Aug 1

The S&P 500 and the Dow dipped in afternoon trading on Monday, as a drop in oil prices dragged down energy stocks, while tech names Apple and Alphabet helped drive the Nasdaq higher.

The S&P had hit a record high earlier in the session, but was unable to hold gains as US crude fell below $40 a barrel to its lowest level since April.

The correlation between oil prices and equities, which had been very strong until oil rose above $40, is resurfacing now, said Randy Frederick, managing director of trading and derivatives for Charles Schwab in Austin, Texas.

“If oil falls back below $40, which it appears it is going to, it is likely that correlation will come back and that is what we are seeing now.”

The S&P gained 3.6 per cent in July - its best month since March - touching intraday highs seven times, on improving economic data and as corporate earnings were not as bad as had been initially feared.

Earnings are now expected to decline 3 per cent for the second quarter, according to Thomson Reuters data, an improvement from the 4.5 per cent decline expected on July 1.

Exxon and Chevron were down 2.9 per cent and 3.3 per cent, respectively, and were the biggest drags on both the Dow and the S&P 500. The S&P energy sector lost 3.3 per cent.

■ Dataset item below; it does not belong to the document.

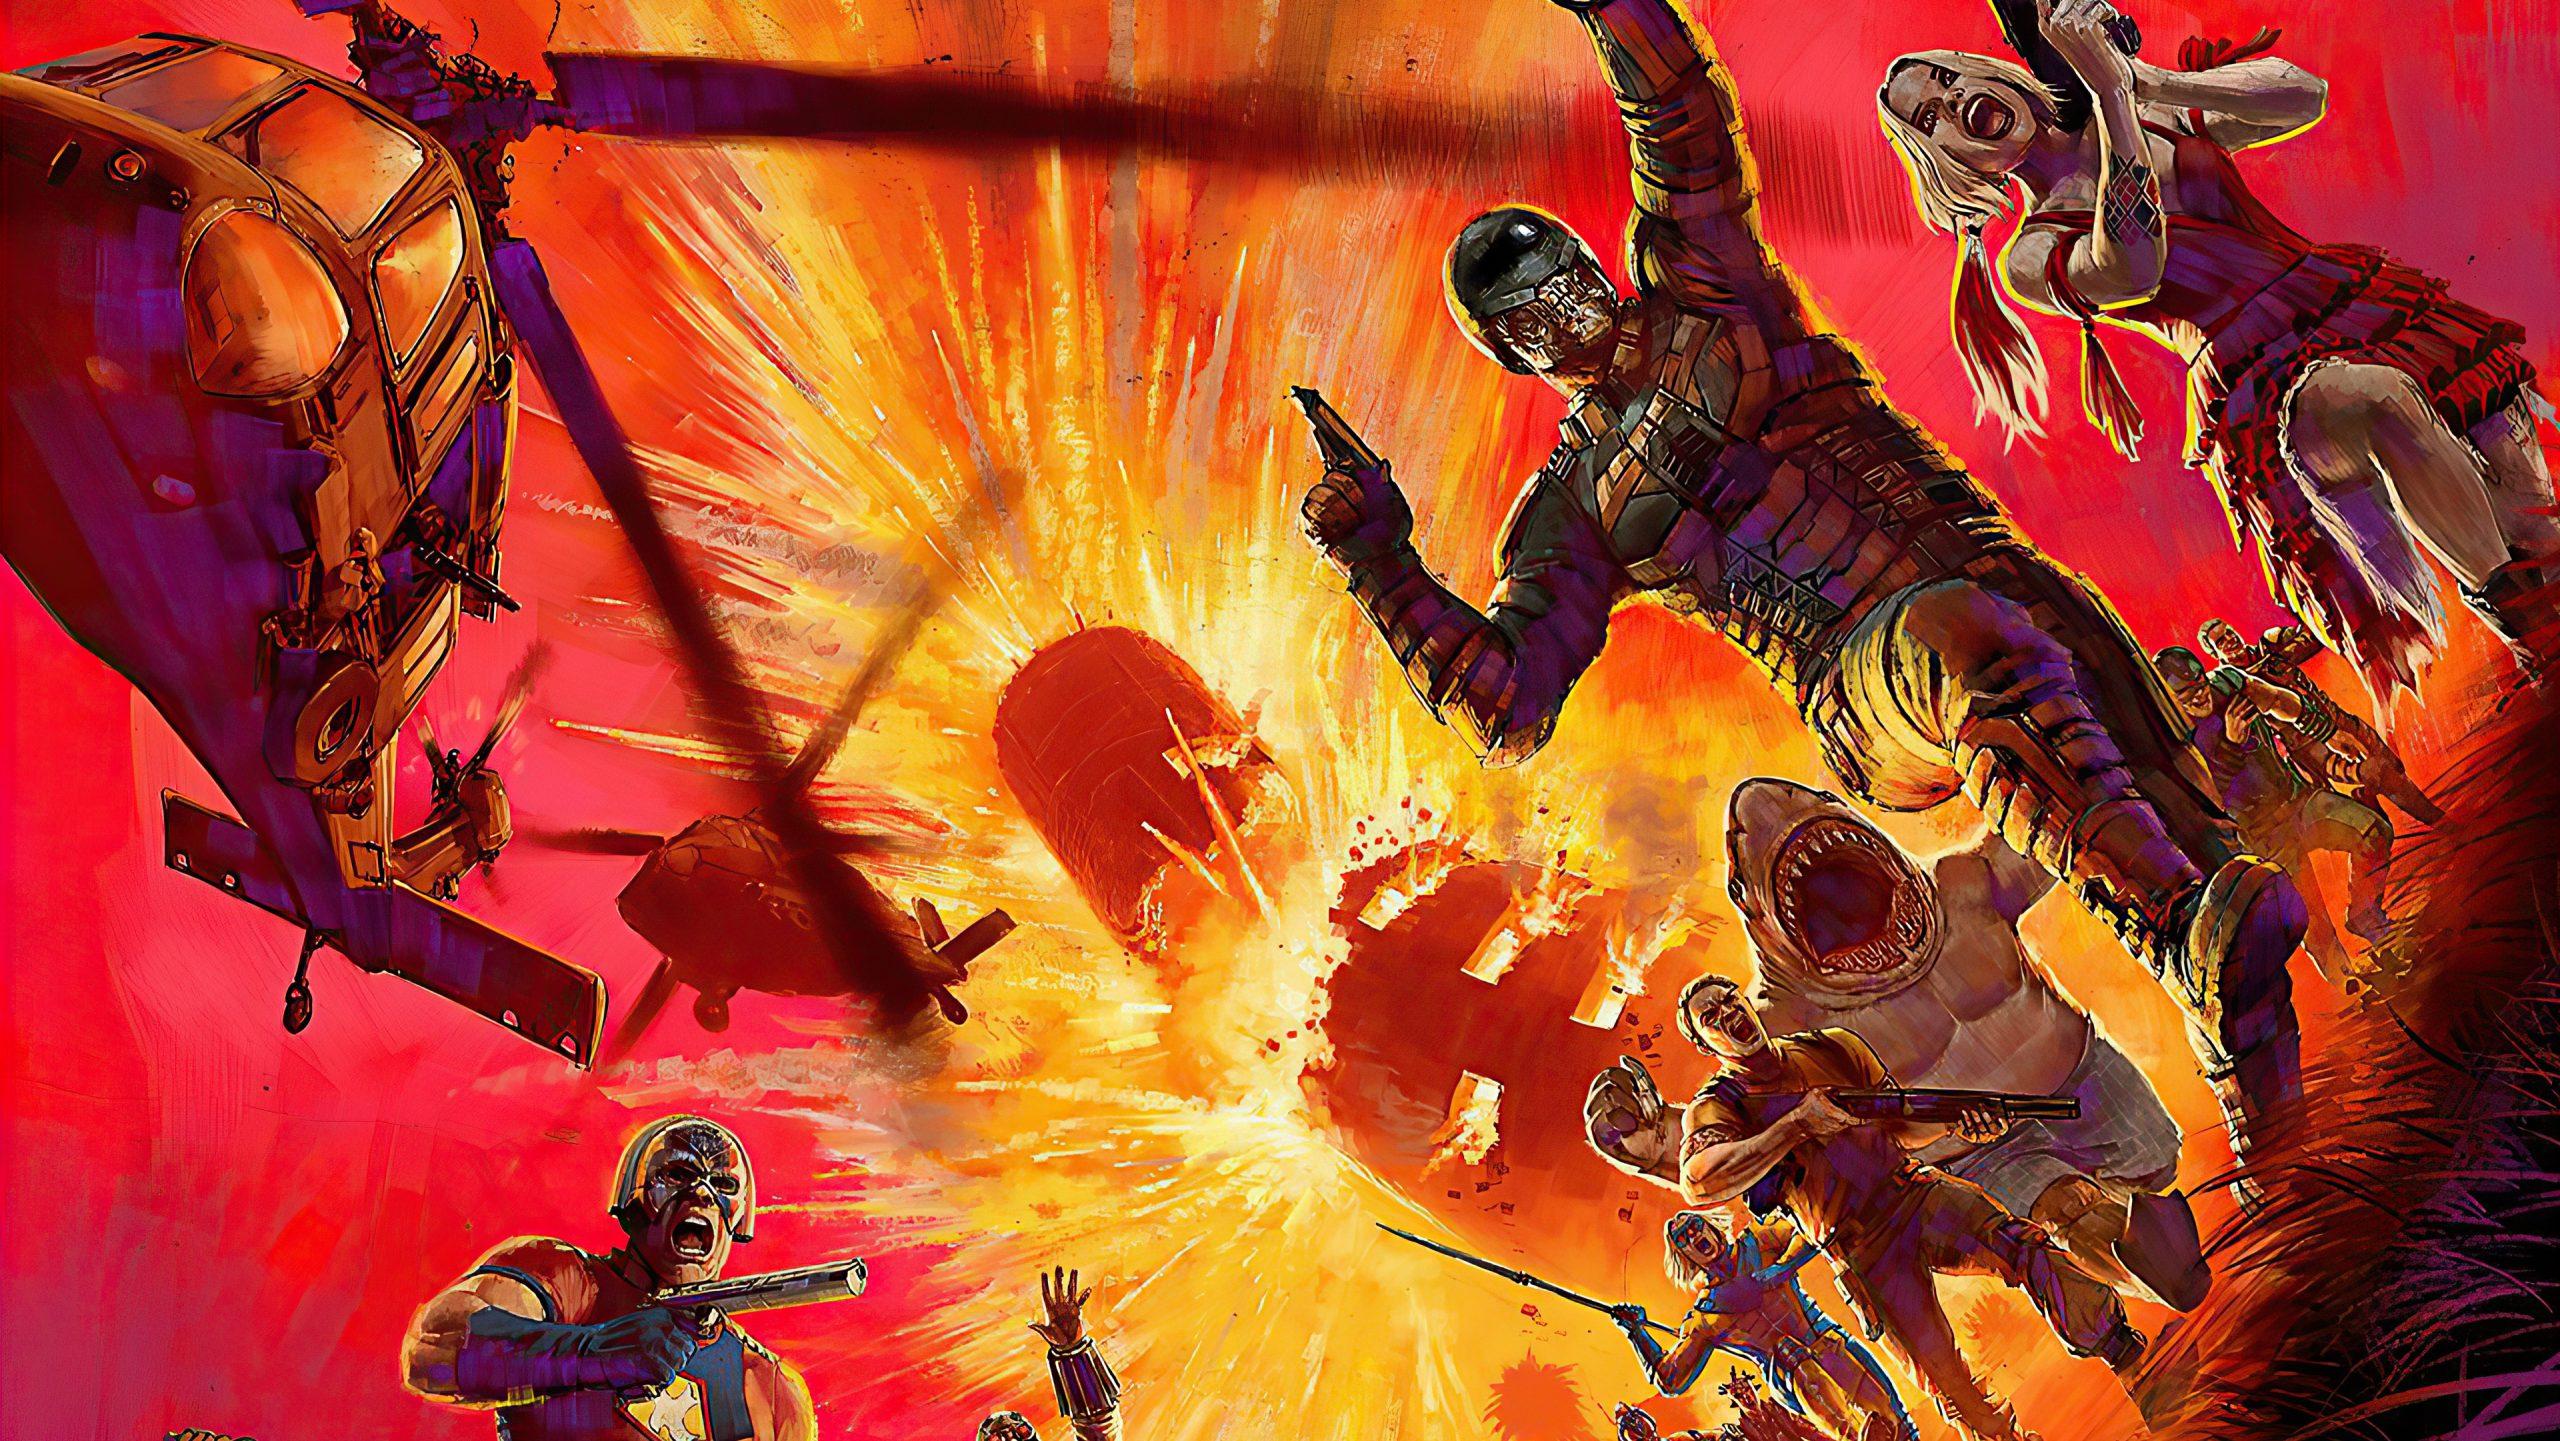 DC production, The Suicide Squad 2021 release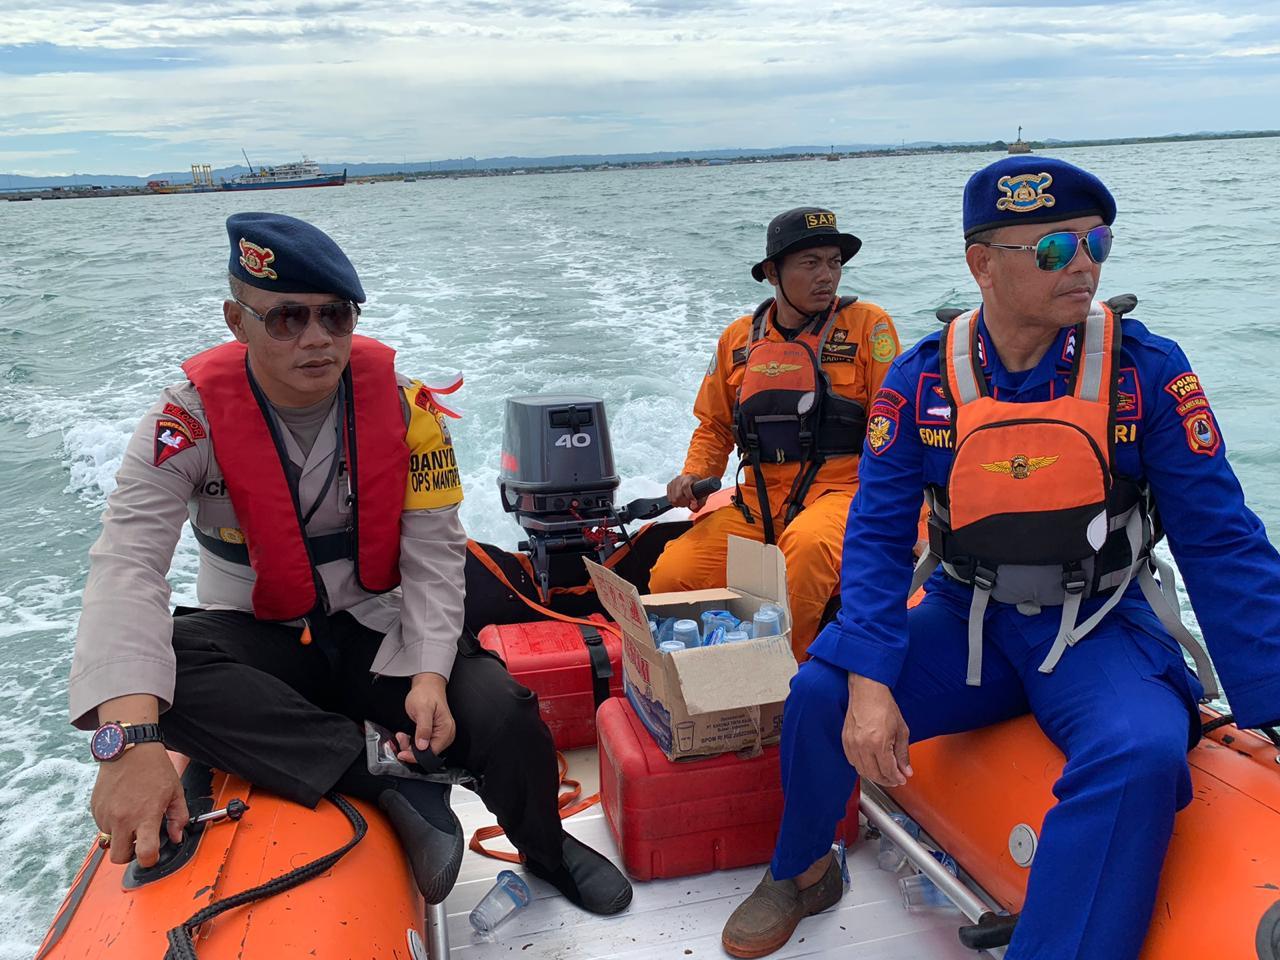 Danyon C Pelopor Sat Brimob Polda Sulsel Pimpin Pencarian Penumpang KMP Mishima yang Lompat di Laut

The Dow Jones industrial average fell 41.46 points, or 0.22 per cent, to 18,390.78, the S&P 500 lost 3.73 points, or 0.17 per cent, to 2,169.87, and the Nasdaq Composite added 21.24 points, or 0.41 per cent, to 5,183.37.

Apple Inc rose 1.3 per cent, providing the biggest boost to the three main indexes. Apple has gained more than 9 per cent since reporting results last week. Google parent Alphabet Inc was up 1.5 per cent at $803.04.

After tepid US second-quarter gross domestic product data on Friday dimmed some of the optimism over the state of the economy, data on Monday showed US manufacturing activity slowed in July as orders fell broadly and construction spending dropped in June.

Traders saw the chance of a Federal Reserve interest rate hike by year-end at about 35 per cent, according to CME Group's Fedwatch, down from more than 50 percent last week.

SolarCity Corp fell 7.8 per cent, to $24.62, and Tesla Motors declined 1.6 per cent, to $230.99, after Tesla said the two companies had agreed to merge.

Declining issues outnumbered advancing ones on the NYSE by a 1.44-to-1 ratio. On Nasdaq, a 1.05-to-1 ratio favoured advancers.

The S&P 500 posted 36 new 52-week highs and no new lows; the Nasdaq Composite recorded 96 new highs and 18 new lows.